Добавить в цитаты Настройки чтения

Страница 70 из 76

«Смеяться, похабничать над нашей любовью! Угодничать, подличать!…» – будто защищаясь от удара, подняла кулаки и увидя в руке зажатый Ванюшкин кисет, брезгливо швырнула его на землю. Он упал. Развернулся и бросились в глаза крупные буквы «ВЛАСТЬ ТРУДА». Ксюша торопливо развернула свернутый обрывок газеты, присев на корточки, разгладила его и сразу под заголовком прочла:

«Вчера, на главной площади города, несмотря на сильный мороз, состоялся многолюдный митинг, посвященный первой годовщине освобождения Сибири от колчаковцев. – Не веря своим глазам, прочла еще раз: – Пер-вой го-дов-щи-не осво-бож-дения Си-би-ри от кол-ча-ков-цев… На митинге выступали известный вожак притаеженских партизан Вавила Уралов… – дальше читать не смогла.

«Целый год? А как же вчера Ванюшка сказал, што скоро последний бой с колчаковцами, требовал отдать ему золото до последней крупинки и обещал после боя вернуться?»

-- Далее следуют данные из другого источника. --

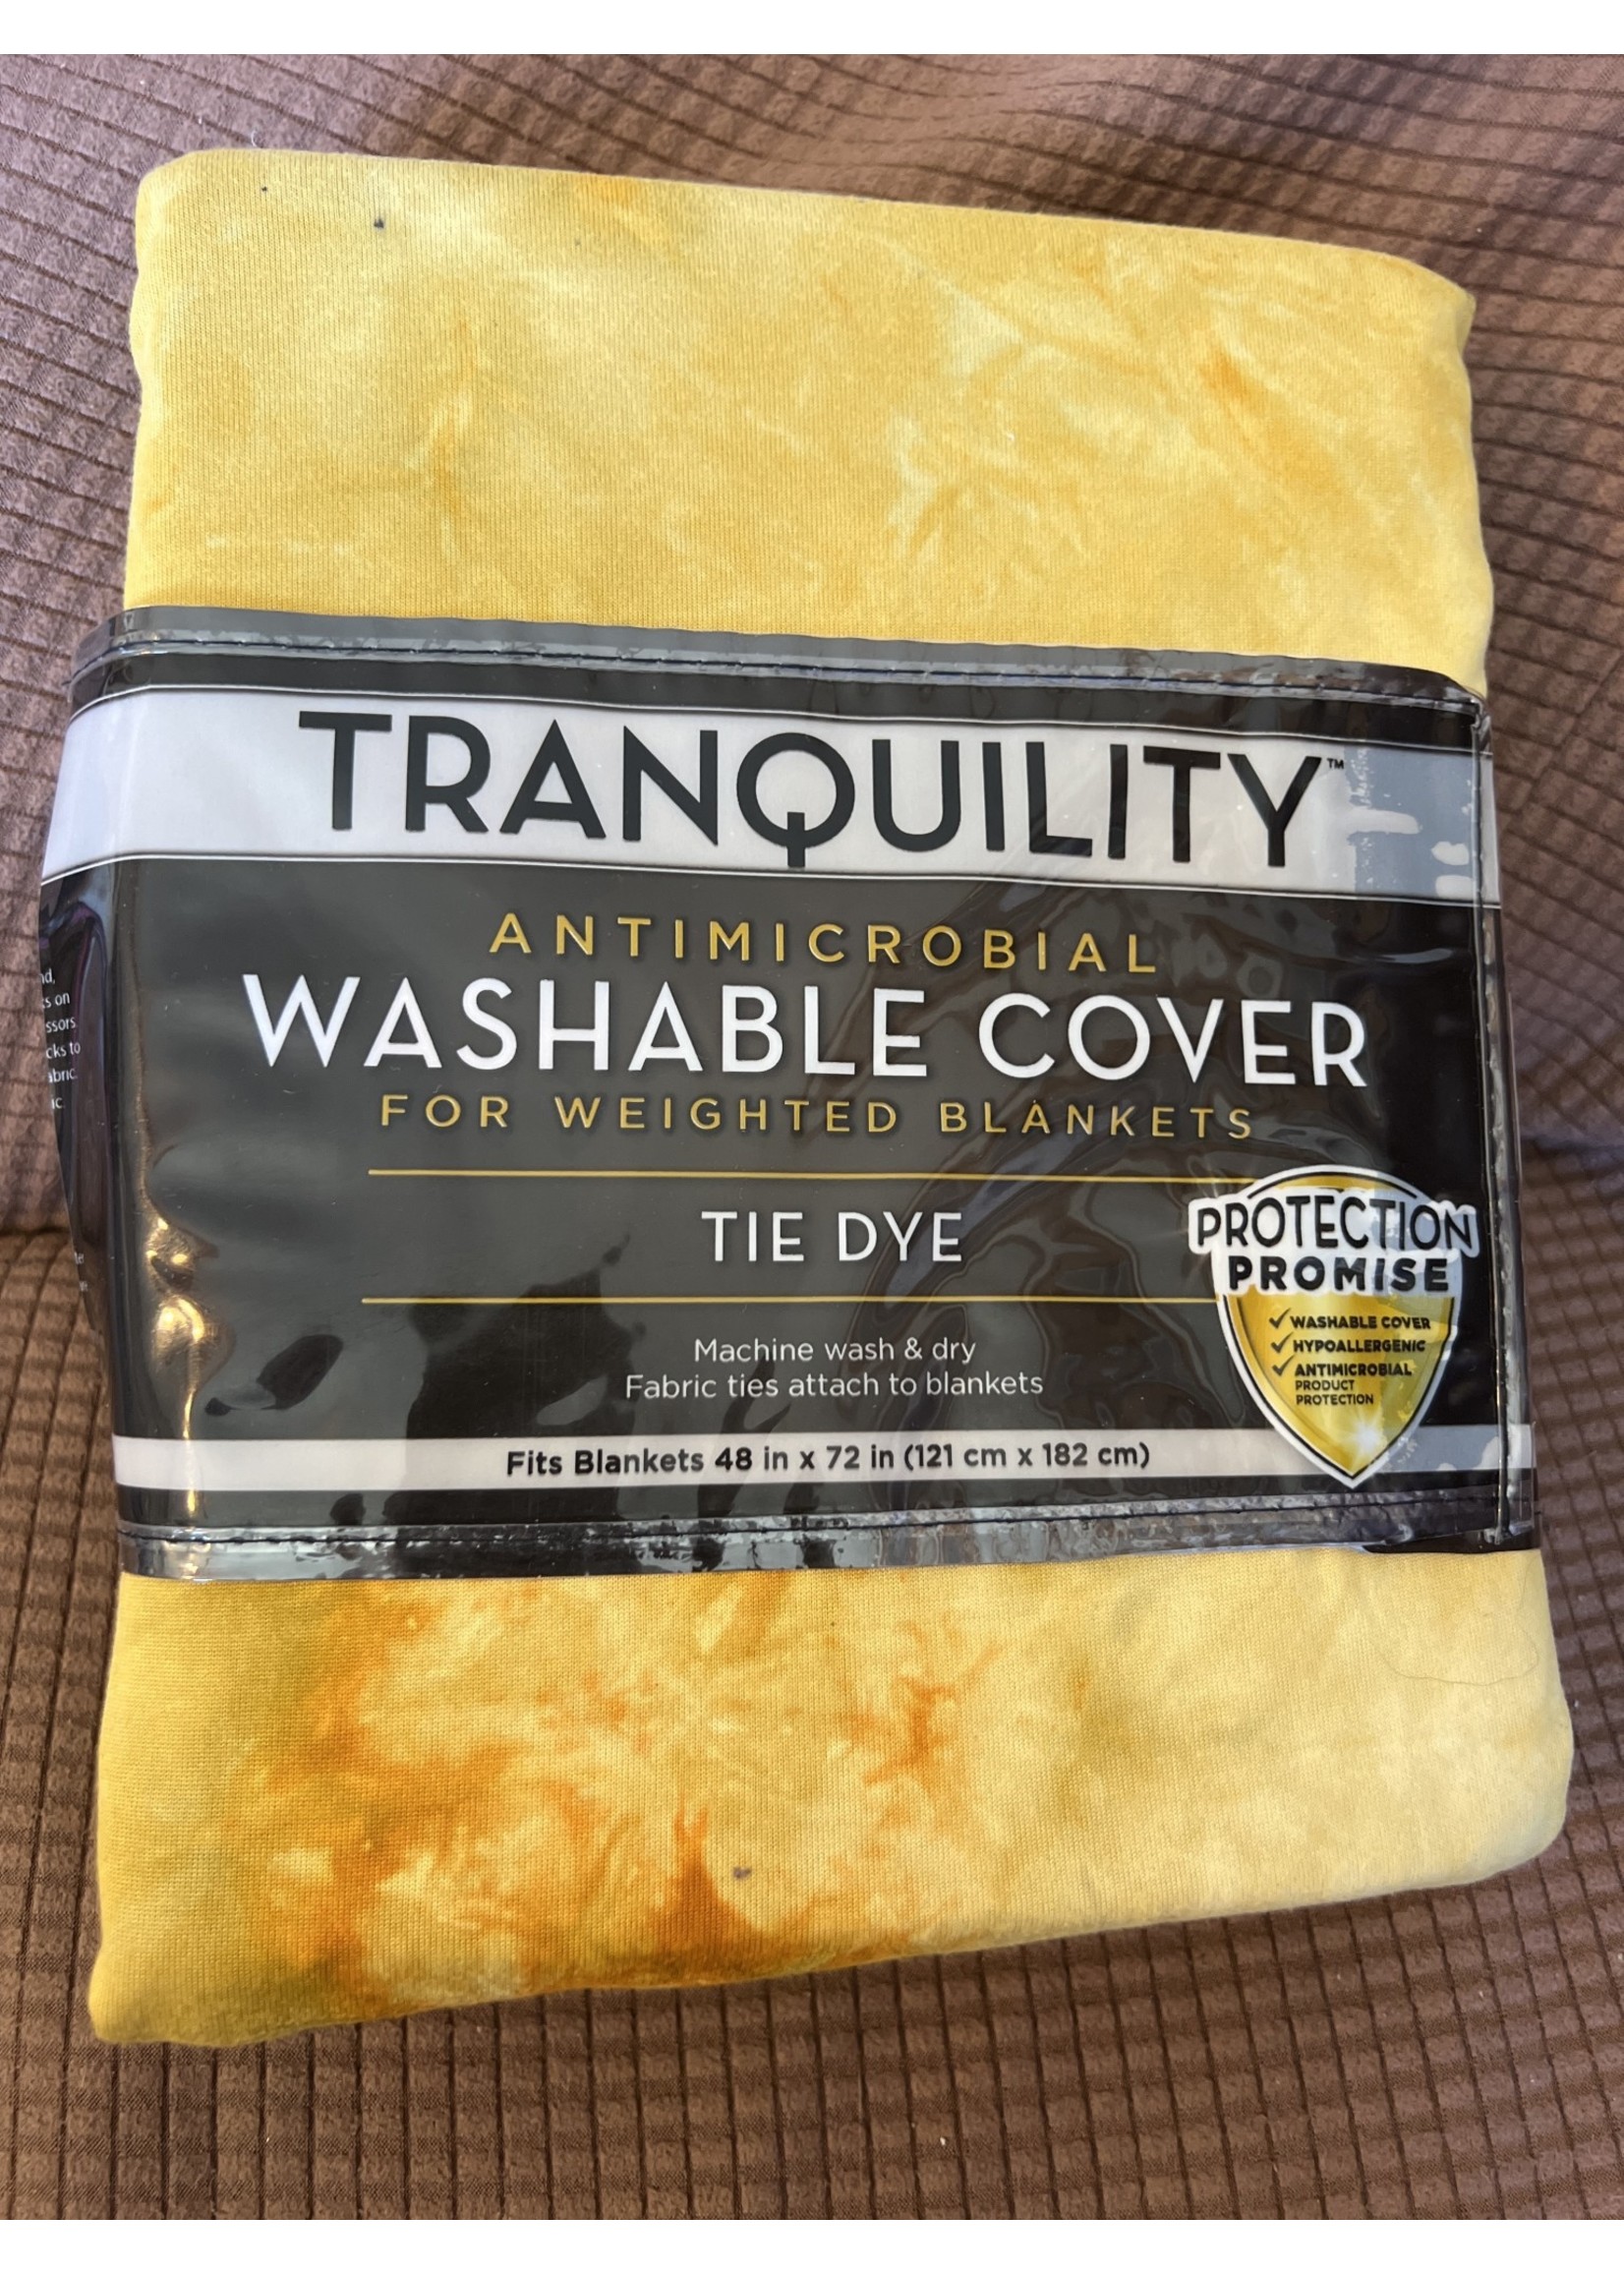 Tranquility Washable Cover for weighted blankets -Tie Dye Yellow

Клочьями туч проносились в Ксюшиной голове, вскипали шквалами несвязные обрывки растревоженных мыслей. Неслись и неслись. «Все это время Ваня носил куда-то золото и пушнину… А Верино письмо? С чего это ноги не держат?… Куда ушел Ваня? Найду по следу. Все выведаю. Только вот ноги, ноги вовсе не держат…»

«Может, снова вернулись колчаки? Надо догнать бородача… Выручить Ваню…»

Появилась твердая уверенность: Ваня не виноват. Ваня ласковый… Бородач какое-то темное дело затеял, а Ваня – его жертва.

Ксюша решительно повернулась и побежала по следу ушедших. На влажной таежной земле следы читались, как книга. Вот стоптанный внутрь Ванюшкин каблук. Вот городские сапоги с острыми носками молодого. Подбитые железными подковами сапоги бородатого.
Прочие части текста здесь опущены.